No doubt we are all experiencing, to a greater or lesser degree, the effects of the global coronavirus pandemic in our daily lives. The social order as we knew it has drastically changed, and with little to no remonstrance we have seen communities giving up some of their cherished liberties, all of course in the name of public health safety precaution. Churches and schools are largely shut, sporting events cancelled, while public gatherings and traveling are restricted. Predictions are that it may take quite a long time before life returns to normal, if it ever does. Other experts are even talking of a “new normal” where people will have to adapt to live permanently with certain restrictions on their lives due to the virus.
However, of late many countries have started to gradually open up their communities, centering particularly on what have been identified as “essential service sectors”, which are those parts of the economy considered to be vital to basic human survival. As defined by the authorities the list has included things like food producers and stores, financial institutions, funeral parlors, transport operators, electricity generation and water authorities, mining firms, mobile phone and internet service providers, and so on. But the situation has sort of triggered a debate in some circles as to what is essential and what is not essential. After an initial alcohol ban, authorities had to reverse the decision, following a public outcry as a number of people considered this to be indispensable to their lives.
And in the US for instance, following a demand by some religious bodies, the government also had to re-open houses of worship as people deemed these to be essential to their livelihoods. While this might seem a positive thing to some Christians, it sets quite a dangerous precedent where religion can influence the government to advance religious interests. The inevitable result of such a situation may be the restriction of religious liberty for minority faiths. Who knows, someday Christians and major religions of the world may unite and request governments to enforce a particular day of worship, deemed as essential for human survival and all those out of sync with that day may be considered a pest to society. In this article however, we would like to focus on some essential services in a Christian’s life, without which a Christian won’t survive. In the Bible, there are at least three things we can identify as important to growth in a Christian’s spiritual life, and without these our spirituality will die. Let’s look at each separately.
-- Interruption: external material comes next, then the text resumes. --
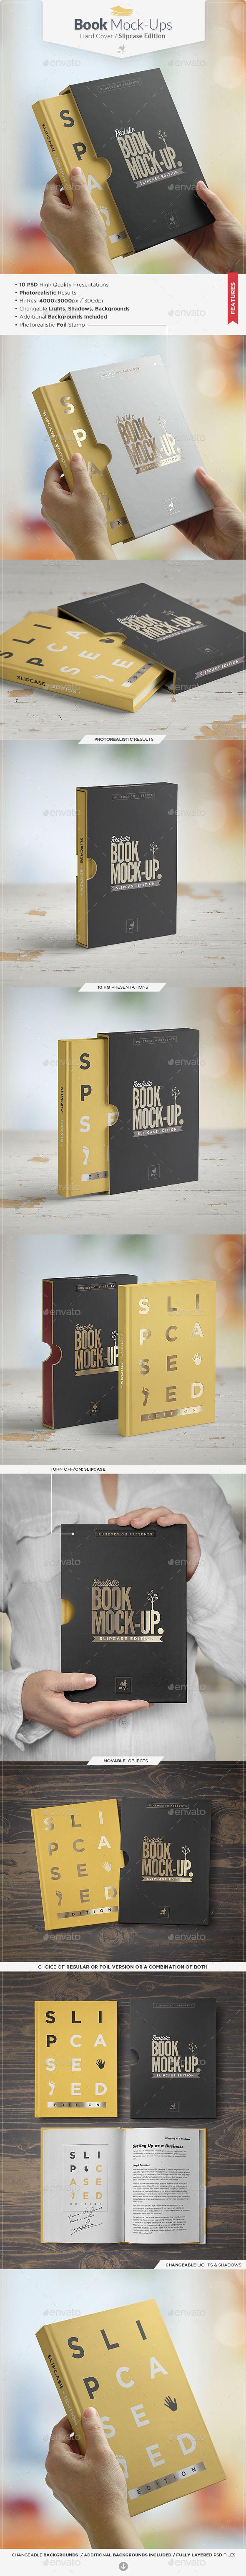 Book Mock-up / Slipcase Edition | #bookmockup | Download: http://graphicriver.net/item/book-mockup-slipcase-edition/9332736?ref=ksioks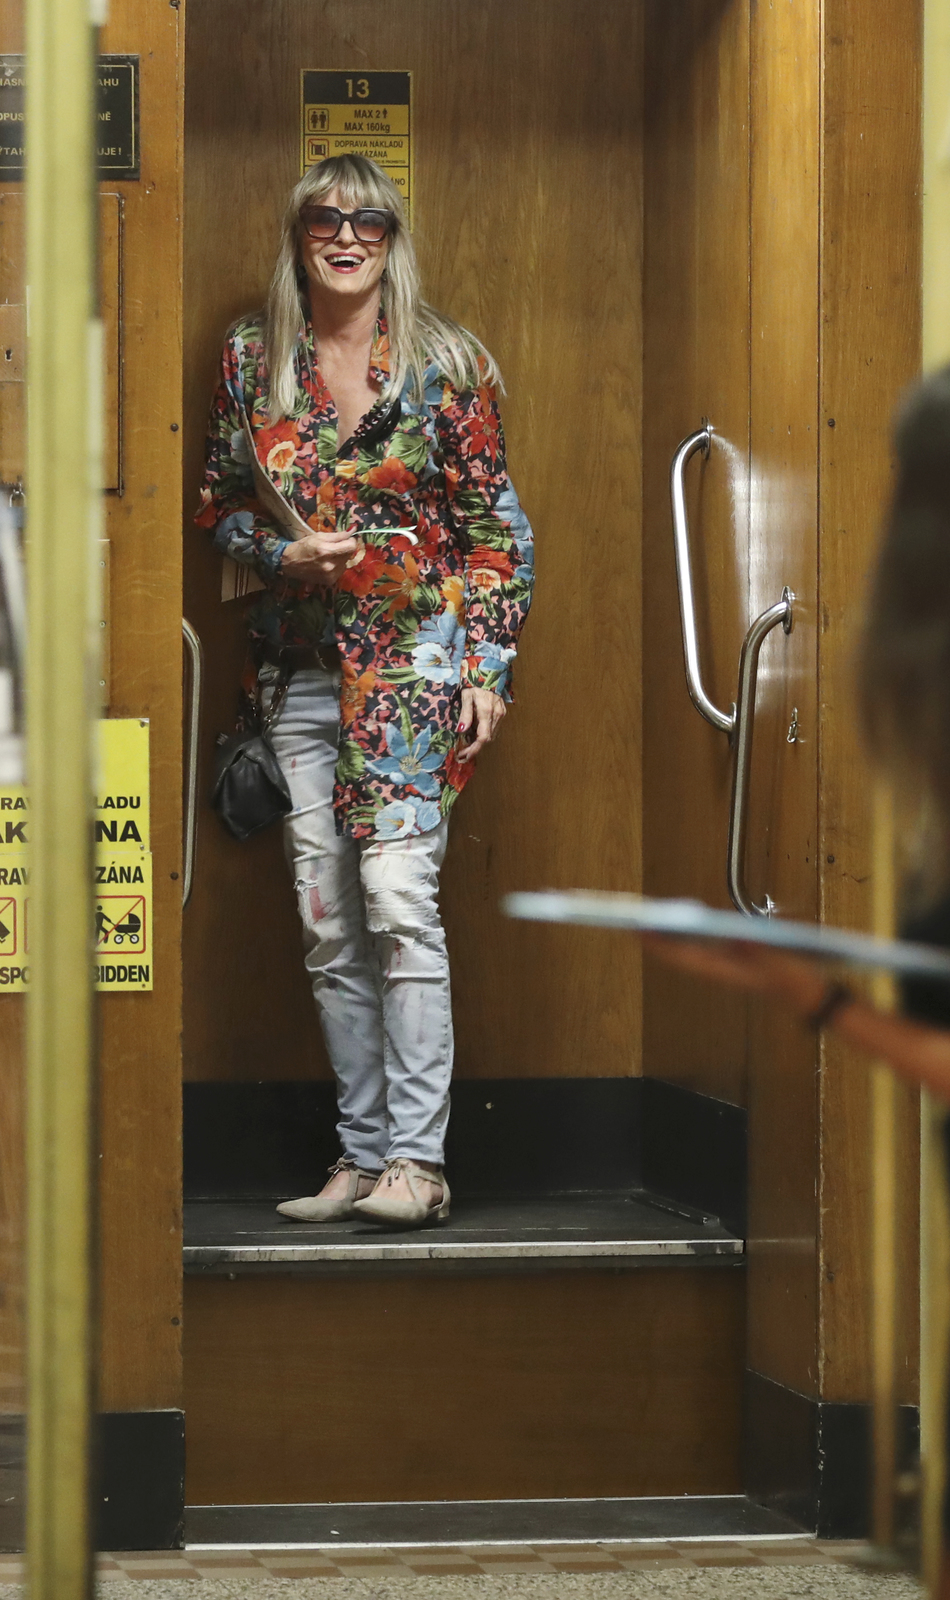 Exmanželka Bolka Polívky Chantal Poullainová brala jízdu výtahem s úsměvem

1. Study of God’s Word. – In the book of Matthew, Christ says “Man shall not live by bread alone, but by every word that proceedeth out of the mouth of God” Matthew 4:4. Here Jesus likens the importance of God’s Word in our spiritual lives to how food is important to our physical lives. Without access to food, people suffer hunger and if prolonged they can eventually starve to death. That’s the same thing with our Christian lives, without a regular and thoughtful study of God’s Word we grow careless and lose our connection with God. Through study of God’s Word our minds and natures are transformed and we gain the strength to overcome sin. When Jesus was tempted in the wilderness He always, each time, responded by an “it is written” showing how His heart was filled with God’s Word. The apostle Paul commends us “to God, and to the word of His grace, which is able to build you up, and to give you an inheritance among all them which are sanctified.” Acts 20:32
2. Prayer. – “Pray without ceasing.” 1 Thessalonians 5:17. One author has likened prayer to the “breath of the soul”. At all times the Christian is to be in an attitude of prayer. Through prayer we commune with God making known to Him our needs and hopes, thus expressing confidence in Him as our loving heavenly Father. Of Christ we are told “in the morning, rising up a great while before day, He went out, and departed into a solitary place, and there prayed.” Mark 1:35. Though He was the Son of God, Jesus identified with our human weaknesses and this made prayer essential to Him. Through prayer He got refreshed and renewed for His labors in ministering to sin-sick souls. As Christians we need to engage in public prayer with fellow believers, and even more important we need seasons of secret prayer, where we have uninterrupted communion with our Maker.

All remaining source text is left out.